Israel takes another leap towards institutionalized apartheid

During the Apartheid era in South Africa, marriage or any love realationship between members of different racial groups was forbidden. In all public institutions and offices, in public transport and on public toilets, racial segregation was in force.

A law forbidding Israeli citizenship for Palestinians from the Occupied Territories who marry Israelis passed its first reading in the Knesset on June 18. This is another milestone on Israel’s road to open, institutionalized apartheid.

According to Ha’aretz, the bill forbids the granting of Israeli citizenship in cases of reunification between families split between Israel and the Occupied Territories and will strictly limit the ability of Palestinians to obtain Israeli residence or to legally remain within the country.

Such laws targeted at a specific ethnic community are an odious violation of all international human rights norms.

Jewish-Israeli Knesset member Zehava Gal-On called the bill “racist and discriminatory.” Palestinian-Israeli Knesset member Wasil Taha compared it to Germany’s 1930s Nuremberg laws which targeted Jews and limited their civil rights, including the right to marriage. The Israeli bill is also reminiscent of apartheid-era South African laws which banned interracial marriages. And, until the Supreme Court overturned them, the United States had a long tradition of laws, specifically restricting Africans, Chinese and Japanese from obtaining citizenship, owning land or marrying whites.
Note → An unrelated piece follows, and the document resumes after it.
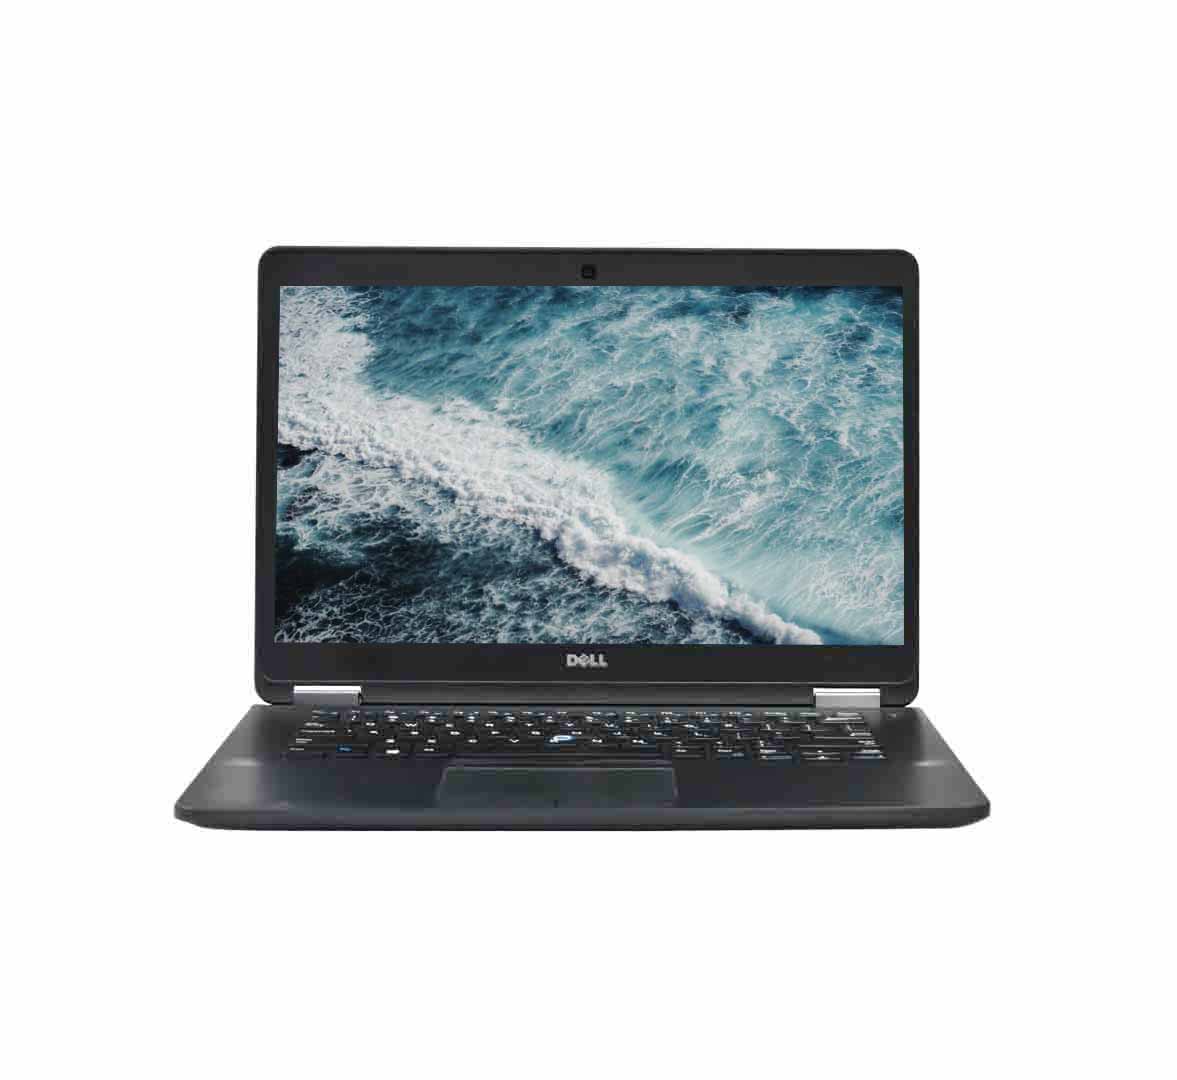 Dell Latitude E7470 Business Laptop, Intel Core i7-6th Gen. CPU, 16GB RAM, 256GB SSD, 14 inch Touchscreen, Windows 10 Pro, Refurbished Laptop

Israel has also used zoning regulations, land seizures, and the quasi-official Jewish National Fund (which controls expropriated Palestinian land and leases it exclusively to Jews) to achieve essentially the same purposes as apartheid South Africa’s Group Areas Act — ensuring that the privileged and exploited populations live in separate and unequal communities.

Marriages between Jews and non-Jews are not allowed in Israel, because like a number of other countries in the region, it does not recognize civil marriages. All such marriages must be conducted outside the country. The new marriage laws making their way through the Knesset mainly seem to be aimed at preventing marriages between Palestinians who hold Israeli citizenship and Palestinians who live in the Occupied Territories.

The new law would force Palestinian citizens of Israel who want to live with spouses or family members from the Occupied Territories to move to the Occupied Territories, or at least prevent them from bringing their new spouses into Israel. This is in line with the views of several Israeli ministers, that Palestinian citizens of Israel should be given ‘incentives’ to abandon their homeland.

The proposed law will give the Israeli interior minister the authority to grant citizenship or residency to a Palestinian if the minister is convinced that the individual identifies with Israel and its goals. In other words, only Palestinians who convince Israel that they are committed Zionists need apply.

A further amendment to Israel’s citizenship law, proposed by Ariel Sharon himself, and endorsed by Israel’s top legal officer, Attorney General Elyakim Rubinstein, would prevent the automatic granting of citizenship to children with one parent from the Occupied Territories. This measure will not only deprive Palestinian citizens of Israel of the right to pass on their civil and political rights to their children, but is aimed at limiting the growth in the number of Israel’s Palestinian citizens.

Taken together, these measures aim at a quiet population “transfer.”

But even if successful in Israeli terms, this law will only reduce the number of Palestinians in Israel’s account and increase the number of disenfranchised Palestinians living in the Occupied Territories with no civil or political rights and no citizenship in any state. This can only hasten the arrival of the day when a Jewish minority is ruling over a Palestinian majority between the river and the sea.

Israeli interior minister Avraham Poraz, who introduced the bill, naturally claims that the motivation is not racism or a desire to preserve Israel’s Jewish supremacy, but as usual, security. According to Ha’aretz, Poraz justifies the bill on the grounds that since the beginning of the Intifada, “there has been increasing involvement in violent acts on the part of Palestinian residents of the [Occupied] Territories holding Israeli identity cards.” Earlier this year, Israel stripped citizenship from two Palestinian-Israelis on the grounds that they were “terrorists.” But such justifications are as old as racism itself and do not deserve to be answered.

Israel has never considered stripping those it defines as Jews of their citizenship for any crime, even the high treason of murdering the prime minister. In fact, Yigal Amir, the convicted killer of Yitzhak Rabin was able to vote in the last Israeli election from his prison cell. Yet now, Israel proposes to further strip away the rights of an entire community who happen to be the indigenous people of the country. The raw racism could not be more evident.

In an atmosphere where ethnic cleansing is openly advocated by Israeli cabinet ministers as a “solution” to the conflict, the passage of this repulsive new bill is hardly surprising. What is worrying is that where Israel is concerned such practices are considered unworthy of comment by the United States, or the European Union, who continue to hope that a flawed road map can lead to peace, while with walls, bulldozers and racist laws Israel is building apartheid on the ground.

This article first appeared in The Daily Star.